Hay situaciones que nos “ganan”, donde la razón y la comprensión no alcanzan, situaciones que evidentemente tocan la llaga, la herida abierta y no hay discurso que valga. No está bien que pase, no es justificación decir: “me pudo la situación” pero pasa y como no vivimos en el mundo de la perfección hay que hacerse cargo.
Hay situaciones donde parece que fuéramos un tren empujado por la inercia y no podemos parar hasta que se agota la energía. Situaciones donde prima el automático, la costumbre, donde aún sin quererlo encarnamos todo el desamparo y la violencia que hemos recibido y sin control la vomitamos fuera ejerciéndola sobre l@s niñ@s.
Nada justifica la violencia, ni el maltrato, sean estos verbales, emocionales, psicológicos o físicos, es sencillamente inaceptable mucho más cuando es dirigida hacia un/una niñ@. Nada, repito nada, de lo que pueda hacer o decir un/una niñ@ justifica la violencia, decir que lo merece es solo la excusa que encontramos para tapar nuestro fallo y ocultar debajo de la alfombra poniendo en otr@ la responsabilidad que sólo nos atañe a nosotr@s.
Sin embargo, desafortunadamente el maltrato aparece aún por encima de nuestras buenas intenciones y surge precisamente cuando nos quedamos sin herramientas, cuando sentimos que sobrepasa nuestros límites, cuando nos gana la impotencia. La violencia no habla del acto que el/la otr@ comete, habla de nuestra propia sombra, nuestro dolor, heridas y miedos. Mientras no sienta peligrar mi seguridad no tendré que defenderme del otr@, nunca será visto como enemigo alguien que no toque mis llagas.
Por eso no basta con tener un discurso sólido y respetuoso, con amar a nuestros hijos y creer en la noviolencia como forma de vida. No basta porque mientras no nos hagamos cargo de los demonios que nos habitan estos siempre volverán desde sus cuevas para defendernos y garantizarnos la supervivencia ( visto desde los ojos del niñ@ intern@).
Es vital tener el coraje y la entereza de desnudarnos incluso descarnadamente, entender no las reacciones que tenemos sino el origen de ellas, poder mirarnos a los ojos sabiéndonos seres amorosos pero educados en la violencia, sabiéndonos capaces de cuidar, amar, permanecer, pero condicionados a sobrevivir en situaciones adversas que han requerido de nosotros todas las corazas posibles, todas las defensas probables. No es posible sanar sin antes detectar la enfermedad y no es posible tampoco si solo tratamos los síntomas.
Creo firmemente que más allá del trabajo personal que cada un@ pueda hacer sobre si mism@ hay situaciones que debemos evitar, porque no sabemos manejarnos en ellas, son más grandes que nosotr@s y activan nuestras defensas, para eso existen los factores de protección.

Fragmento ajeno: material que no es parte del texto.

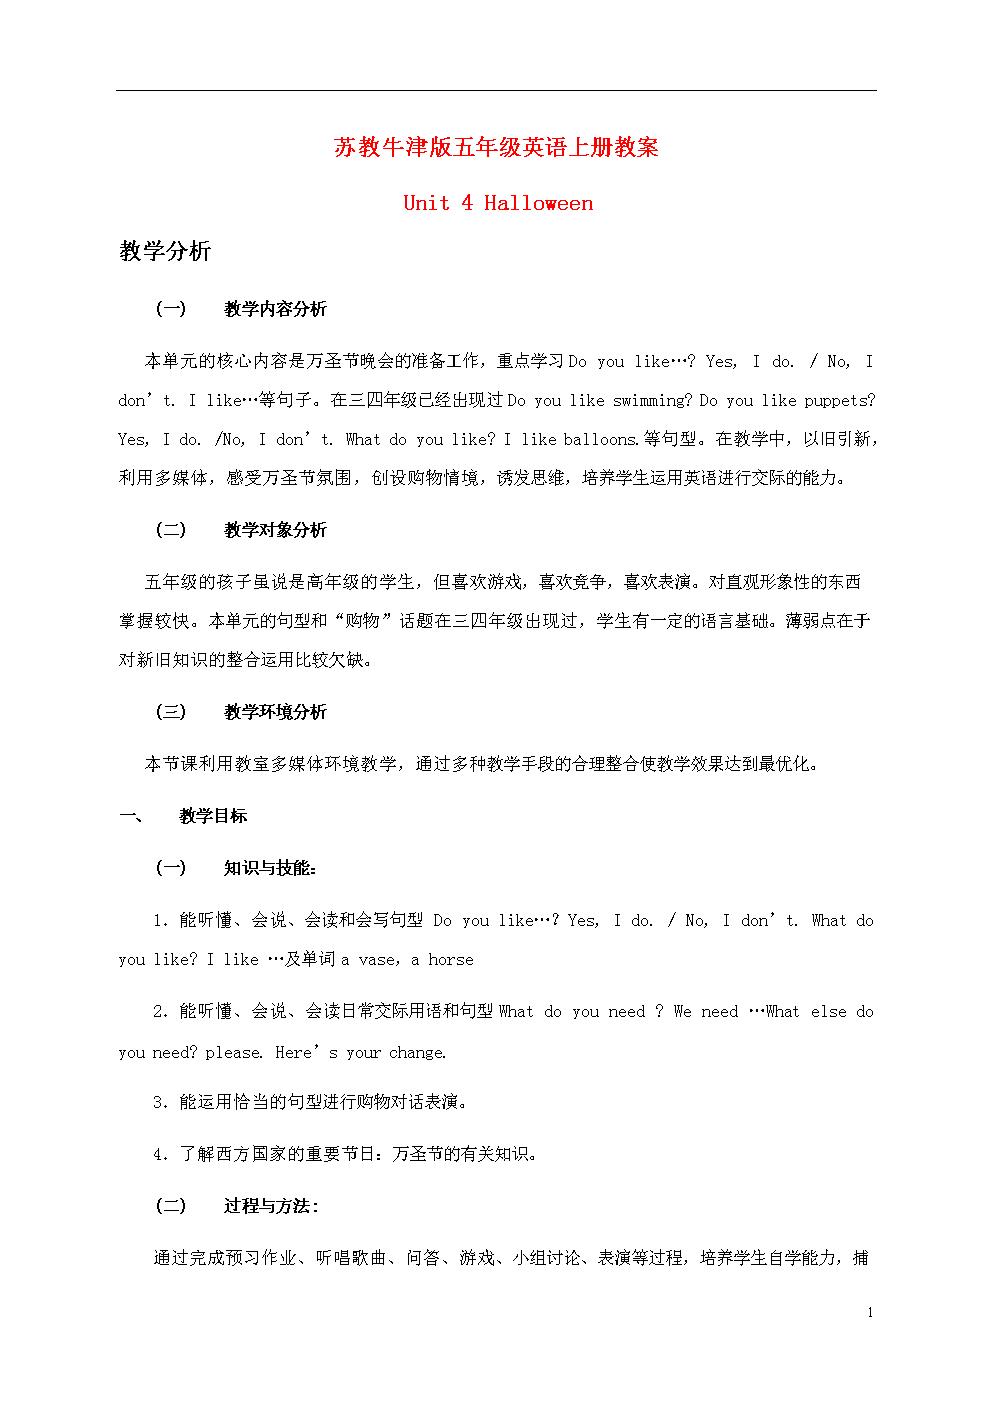 五年级英语上册 Unit 4(23)教案 苏教牛津版.doc

Los factores de protección son aquellas medidas que tomamos con conciencia de nuestras carencias, para evitar llegar a una situación límite. Ya sean medidas tomadas a priori, un ejemplo muy simple, simplísimo seguramente, si pasarme de mi hora de comida me da mal genio (y término descargándome con quien tengo cerca), pues hago todo lo que está a mi alcance para evitar que eso suceda. O acciones que realizamos en una situación cuando vemos que se nos está yendo de las manos: cambiar de actividad, pedir la ayuda o presencia de un tercero, hacer algo que nos divierta y nos relaje, tomarnos una pausa antes de reaccionar, dar un paseo, verbalizar el enojo sin personalizarlo, jugar al enojo, golpear o patear cojines, etc.
Para esto es indispensable un alto grado de honestidad con nostr@s mism@s, para poder decir-nos, “estoy en terreno minado y puedo explotar, es hora de parar”; además de tener el coraje de vernos y no justificarnos, no decir-nos que está vez es distinto, que si tenemos razón, porque no, no la tenemos no existe razón que justifique la violencia.
Contar con factores de protección quiere decir que nos sabemos falibles, que asumimos nuestra sombra, nuestras carencias y límites y que desde la posibilidad que nos da el ser perfectibles nos hacemos cargo, sin culpa, pero con responsabilidad.